How to Deal with 401 (k) when You Switch Jobs?

September. 03,2023
How to Deal with 401 (k) when You Switch Jobs?

In the modern workplace, more and more people switch jobs frequently. Job-hopping because the salary are better, so if you are successful in the job-jump, then congratulations to you! But there are many things to consider, one of the most important is: how to deal with 401 (k)? And many surveys have shown that many people simply don't know their rights as employees and what their options are.

 

Generally speaking, after employer changed, you have four options for 401 (k), the first three will not bring the problem of fines:

 

1. Leave 401 (k) with the former employer (which can be re-transferred afterwards).

 

2. Transfer the money to an IRA(individual retirement account) , after which you can transfer it to a new 401 (k) account.

 

3. Transfer 401 (k) to a new employer.

 

4. Take the money out (Not recommended).

 

 

Leave 401 (k) to your former employer

 

The vast majority, but not all, of employees who leave are allowed to keep a 401 (k) account, but there is usually a minimum requirement that a certain amount of money be included in the account or it will be automatically transferred to an IRA.

 

If you have preferred 401 (k) investment plan in the previous company, and a number of companies, especially large companies, would offer 401 (k) holders a mutual fund or a low-priced index fund for a professional investment agency only, leaving 401 (k) where you were, you can continue with your original investment.
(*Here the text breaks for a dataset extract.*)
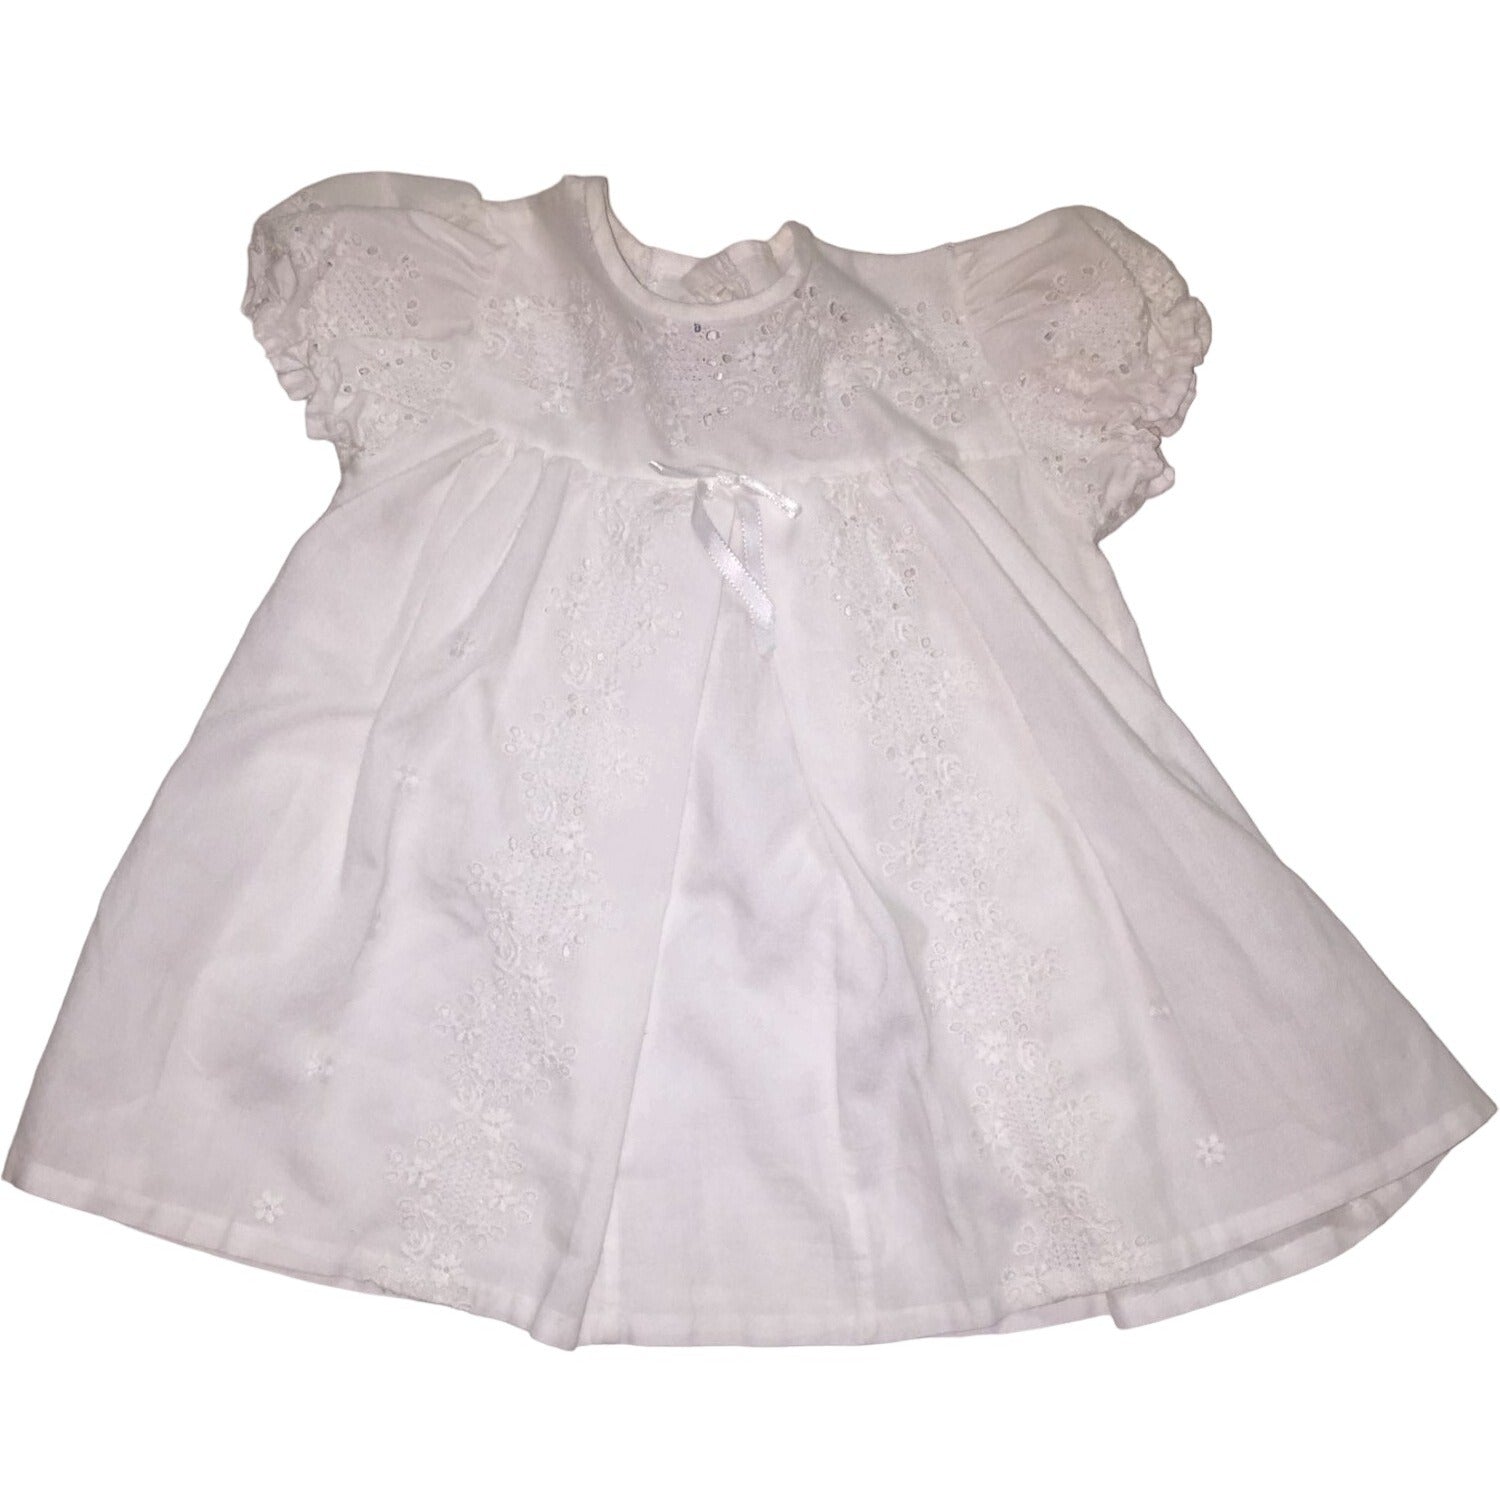 ALEXIS USA Baby Girl White Ruffled Dress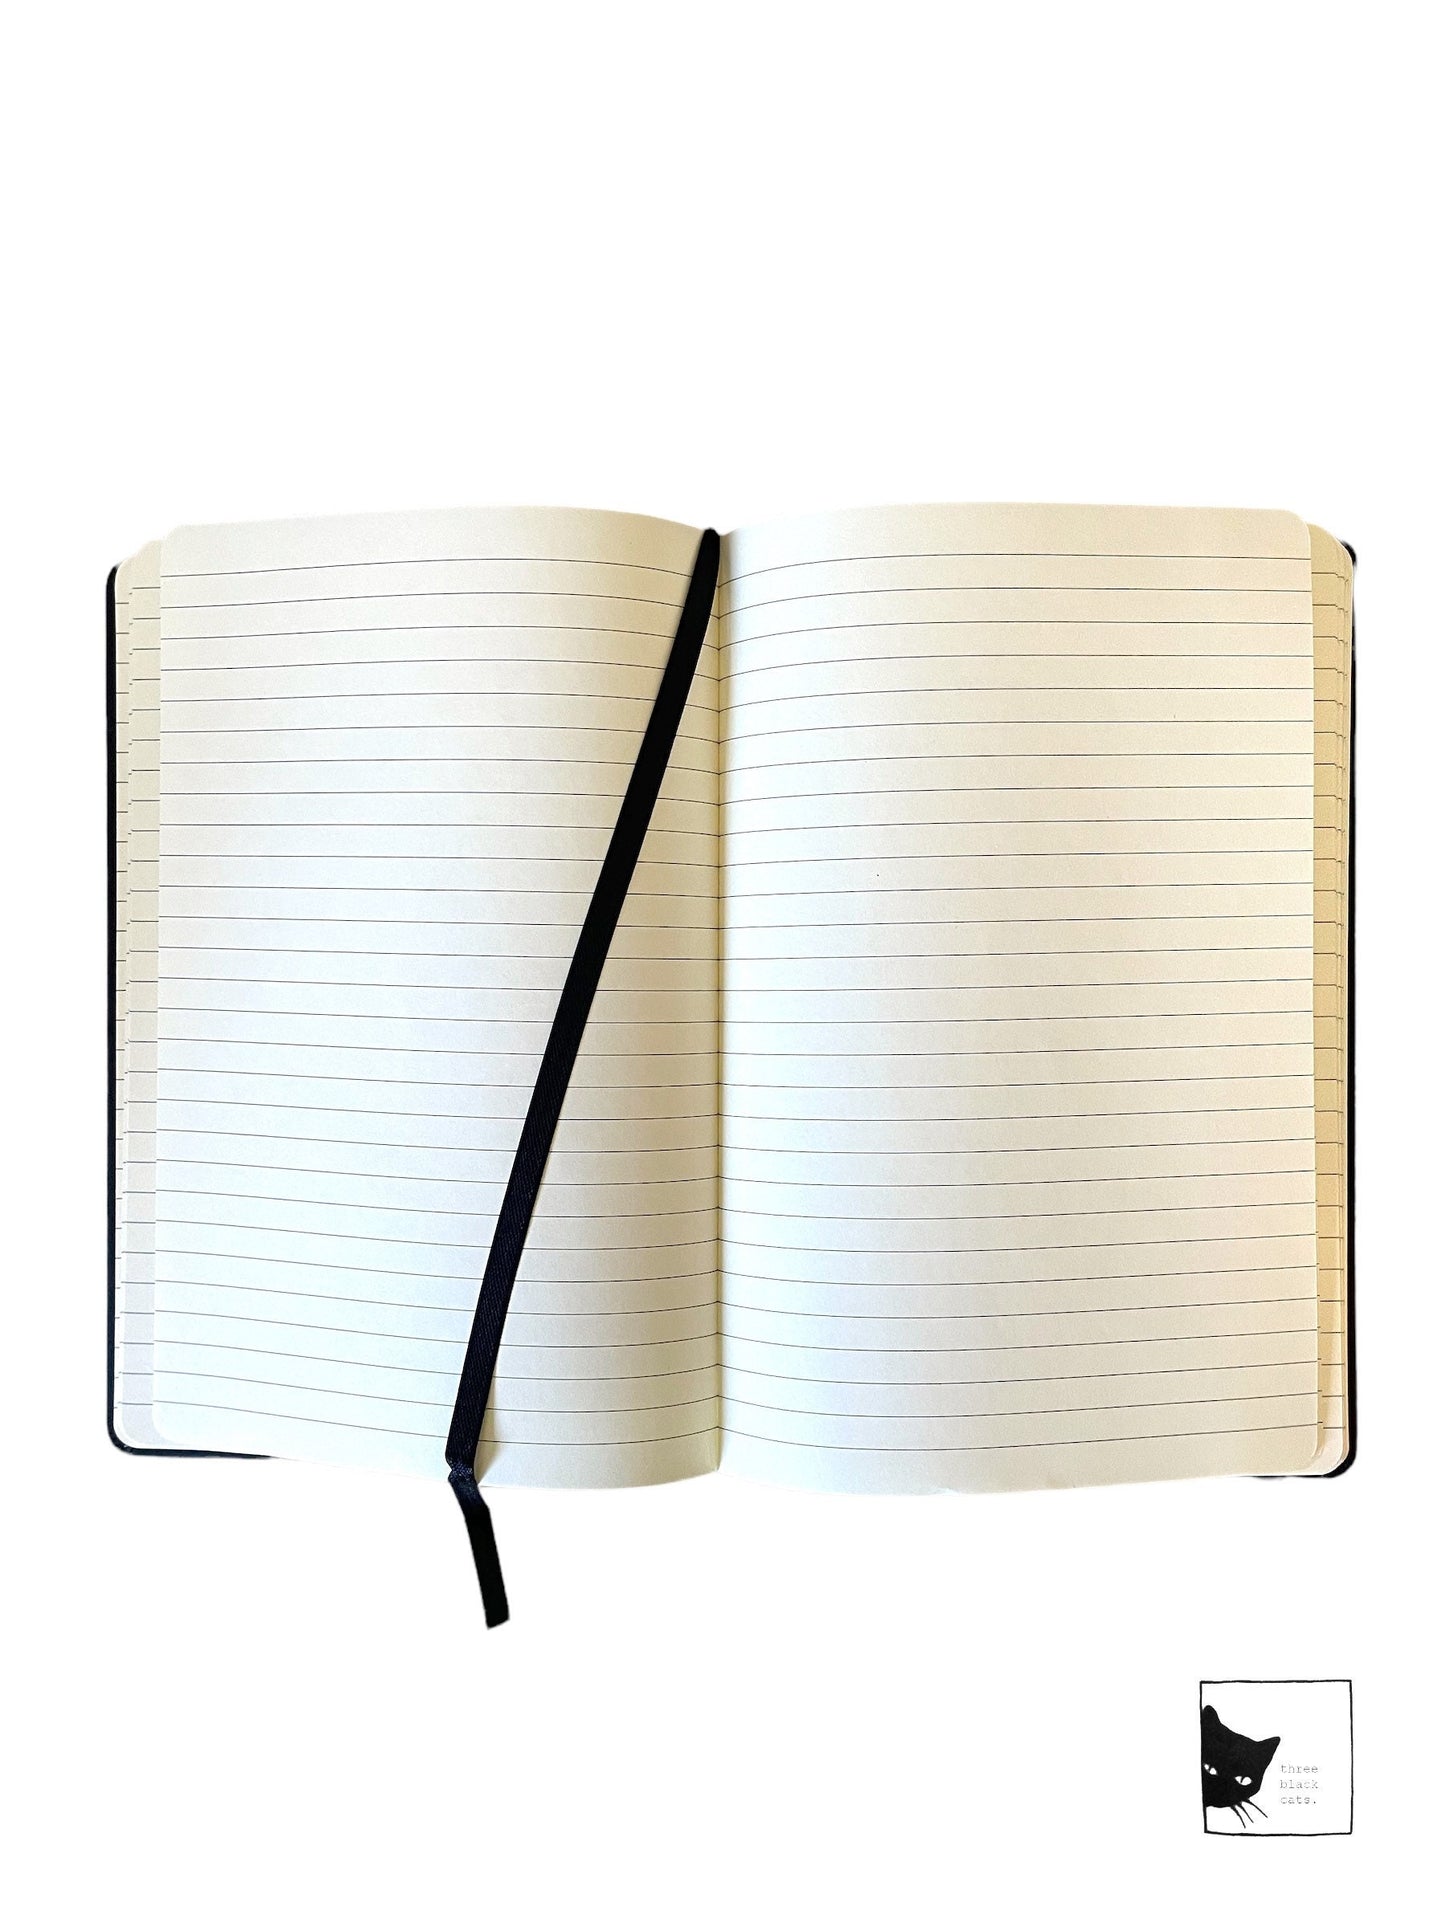 Plans for getting organized AF, Black Lined Journal

This is a good choice when you don't know the new company 401 (k) and what to do.

 

On the other hand, if you keep your 401 (k) account with your former employer, there will be certain restrictions in the future, such as that you may not be able to phase it up and you have to withdraw it all.

 

Also note that we all know that many companies have matching benefits for 401 (k), which is how much money you put in it and how much money the company will save. However, the money doesn't necessarily belong to you when you leave, and the timing of your departure is sometimes very important, as we'll talk about in the next article.

 

Transfer the money into an IRA

 

IRA can be created by banks or brokerage firms, to make more comparisons before creating, because the cost can be in huge difference.

 

Compared to 401 (k), the IRA's requirements for withdrawal are lower, even if they are under 59.5 years of age, they can still withdraw money from the IRA without being fined if they need the money for reasons such as first-time home purchase or higher education. In addition, there are generally more investment options in IRA than in 401 (k), and you can make more investments without paying taxes.

 

But the IRA has some limitations. If your account is a traditional IRA instead of a Roth IRA, once you're 70.5 years old, you'll have to take an annual minimum each year, whether you're at work or not.

 

Transfer 401 (k) to a new employer

 

Before choosing this approach, be sure to carefully study the new employer's 401 (k) plan rules and investment options to determine that it is good for you and that the investment will be profitable. After the decision, you can contact the new company's HR, ask for a description of the transfer account, and then contact the old owner's HR, ask to transfer the account.

 

One thing to note is that when you transfer your account, remember to select the "direct rollover" option. If you choose the "indirect rollover" option and don't transfer all your money within 60 days, you'll have to pay income tax for the amount you haven't turned over, and if you're under 59.5, you'll have to pay a 10% fine.